If you sat on a fresh exploit, would you really waste it with automated, untargeted mass scans, which may draw a lot of attention, causing your bug to burn out quickly?

Um, yes? You'd use it as widely and as quickly as possible, ideally compromising every single vulnerable host on the entire Internet before any sort of coordinated response can be mounted.

You see these kinds of attacks frequently with cryptolocking/cryptojacking software. The more quickly you deploy an attack targeting a new vulnerability, the more victims you'll have.

Probably more at risk too because how rigorous are you really about staying up to date on the most recent security patches? How much time and money did you actually spend setting up security infrastructure like automated security testing or vulnerability bounties? Enterprises, even many of the ones that have had data breaches, dump a ton of time and money into those areas.

Sure. Nobody claimed you could get the risk down to zero.

Its even more of a risk potentially because big companies have people full time working on keeping systems up to date and monitored. How many self hosters have a full monitoring system powerful enough to detect attacks and keep their software up to date and secured as soon as updates come out?

How many people self hosting are even qualified to run a secure system? I bet most of them are just regular devs who know just enough about linux to get something online.

I don't think you understood my point. Yes, one particular risk might be higher. But you don't need to do security better or even on par with a big company. You just need your total risk of data exposure to be lower. You can bet big companies have lots of hackers trying to break into them with the newest 0-days, spearphish their employees, etc... there are so many threats you practically don't face if you're self-hosting.

> Its even more of a risk potentially because big companies have people full time working on keeping systems up to date and monitored.

Beyond the thing about different types and frequency of attacks - sure, I trust Google's security more than my own. But I do trust my own security more than that of Random-Startup.IO, who likely have no full-time security people, and little incentive to get the job right (paying attention to security slows down your incredible journey).

Also, even with big companies, this argument applies primarily to the few like Google, Facebook or Apple. Your Random Megacorp from outside tech community usually focuses its security efforts on satisfying regulators and neutering their own employees, who'd otherwise happily copy out all sensitive data to make their jobs easier.

I'm not sure that off-the-shelf software on your own server is necessarily less likely to get hacked. It's easy to fall behind on security updates when you don't think about deploys regularly.

Look at the logs for your existing infrastructure. I can pretty much guarantee that there are drive-by Wordpress attacks, regardless of what software is actually serving requests. There will be ssh login attempts.

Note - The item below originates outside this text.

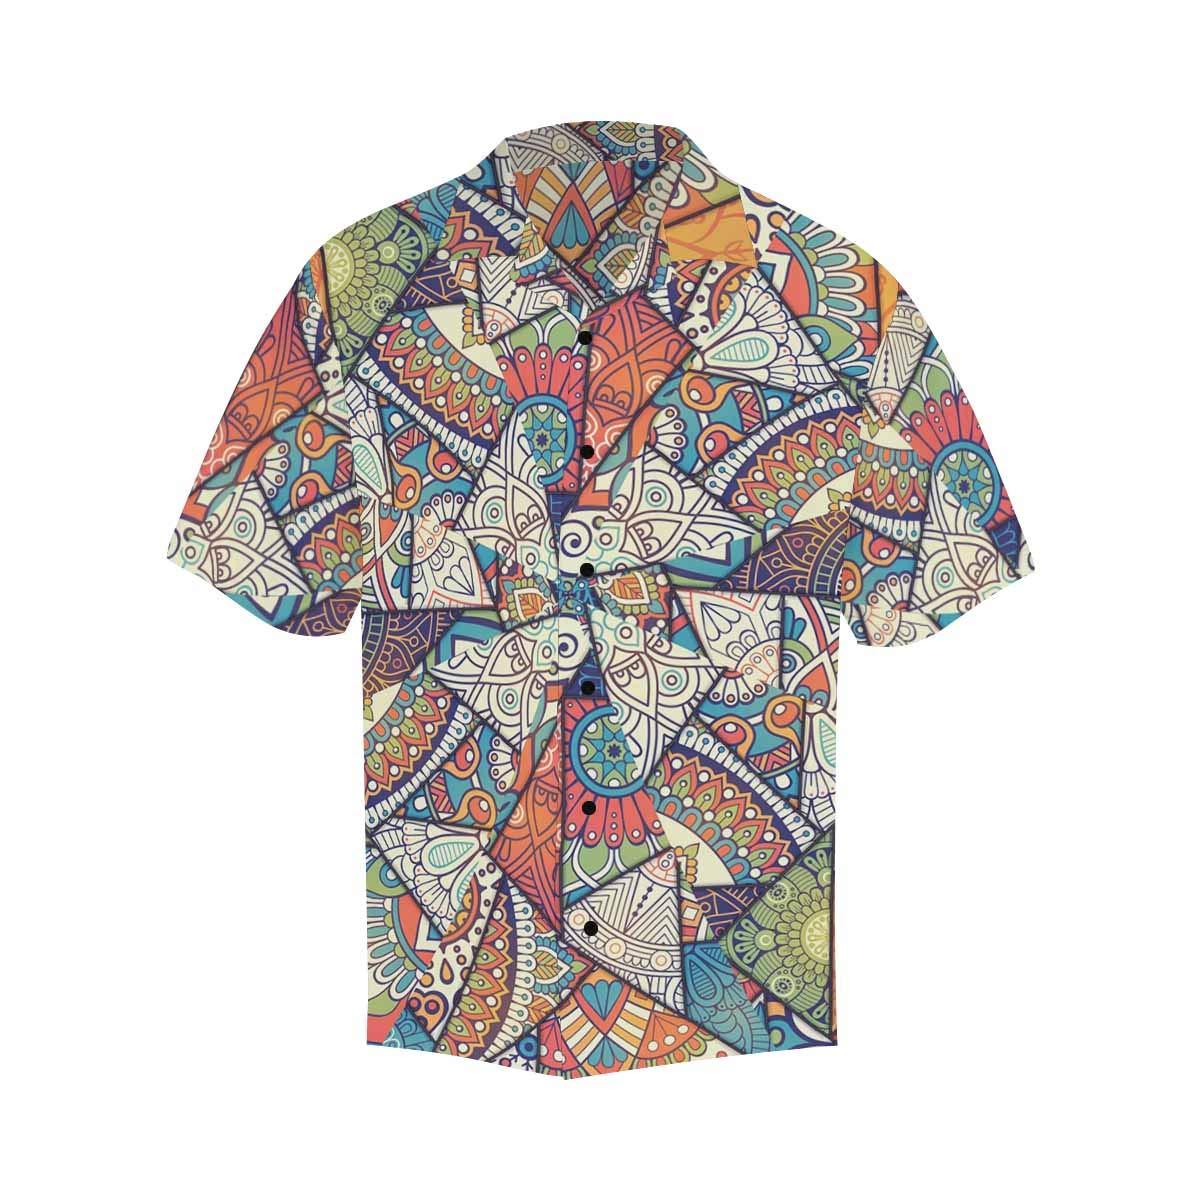 InterestPrint Mens Shirt Paris Landmark Printed Mens T-Shirts
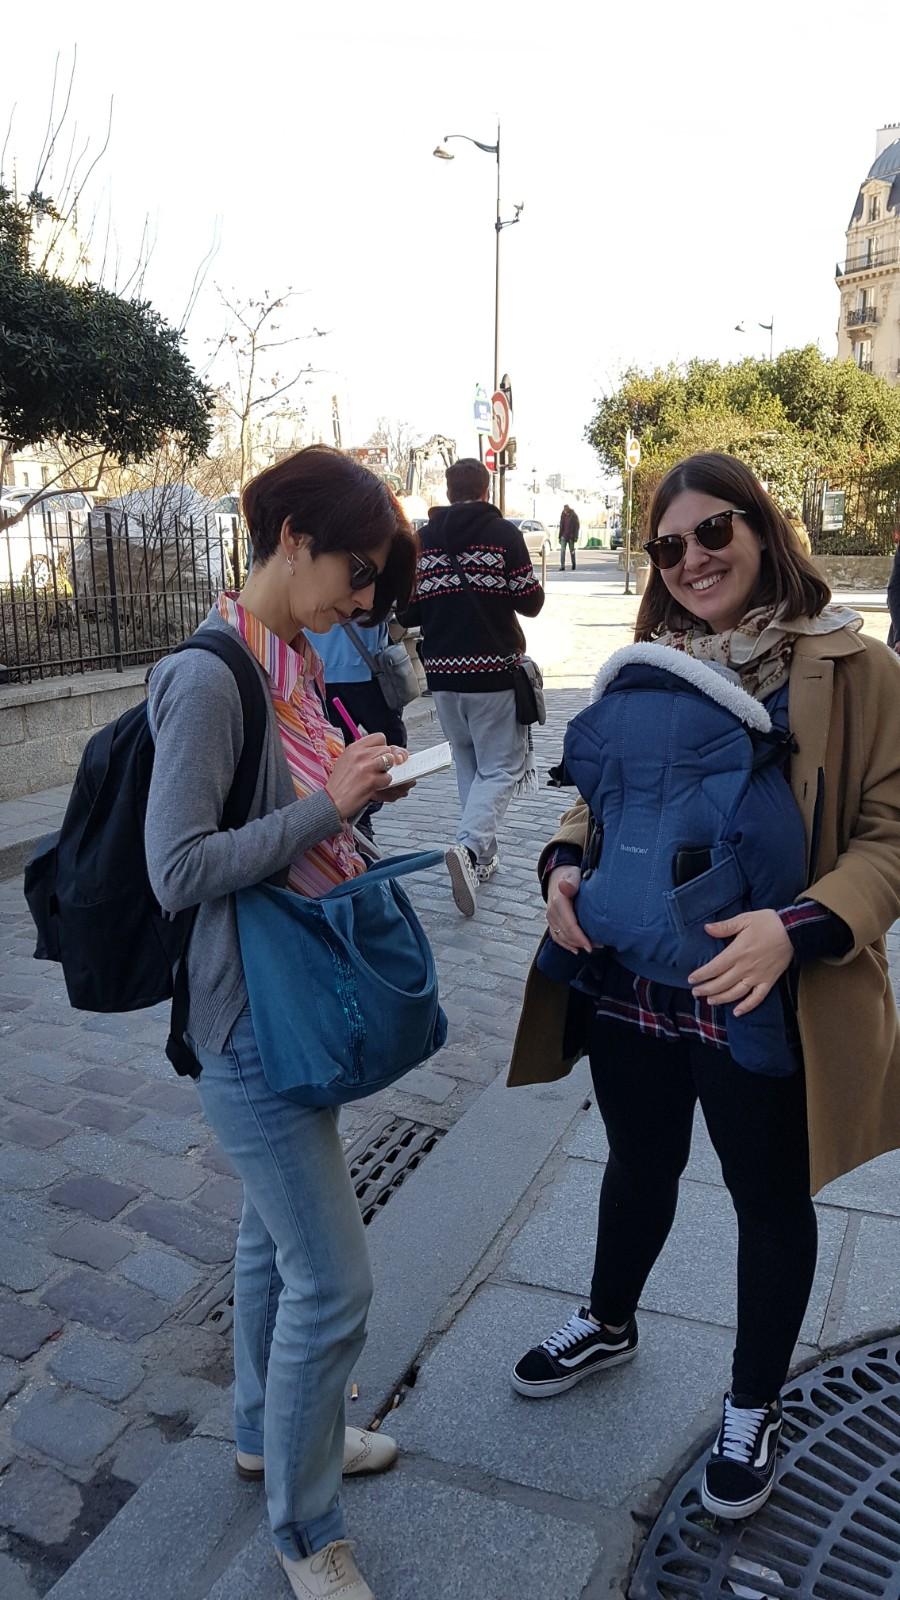 Livia & Flora Goldenberg - Both Jewish Tour guide in Paris

You're not showing anything by telling me to look for attempted attacks. I realize they will be there, I don't even need to check. But if attack attempts are how you measure risk then I'd bet you whatever attack you can think of, Google et al. will have orders of magnitude more of them than I would.

You gotta realize, it's not like I'm arguing you should set up a server with 1234 as the root password. I'm assuming you're reasonably competent in security, just mostly lacking in the bandwidth needed to e.g. keep your server constantly checked and updated on a daily/weekly basis. With those assumptions I have no reason to think the slightly increased risk of getting hit by a brand-new attack through an IP scan or something is going to outweigh all the entire classes of risks that you do away with as a result of not being part of a massive corporate attack target.

Although, heck, if you're absolutely paranoid about random IP scans, you could just move your stuff to some obscure port, which I'm sure you realize already. There you go, you're not going to be found through random mass scans anymore.

Plus, both are great software. KeePass2Android is the best Android password manager, bar none.

I like Chrome/Chromium's password manager. You just login the first time you open it and it autofills passwords. Don't have to install any additional software or configure anything, and it'll also autosuggest passwords you saved on websites in Android apps.

The only thing I miss sometimes is you can't manually add passwords.

The attack surface of a browser makes it a perfect target - I would not advise storing any critical passwords with the browser or in close reach to the browser.

You're going to be entering these passwords into a browser most of the time so if a compromised browser is your problem, no password manager is really going to help you.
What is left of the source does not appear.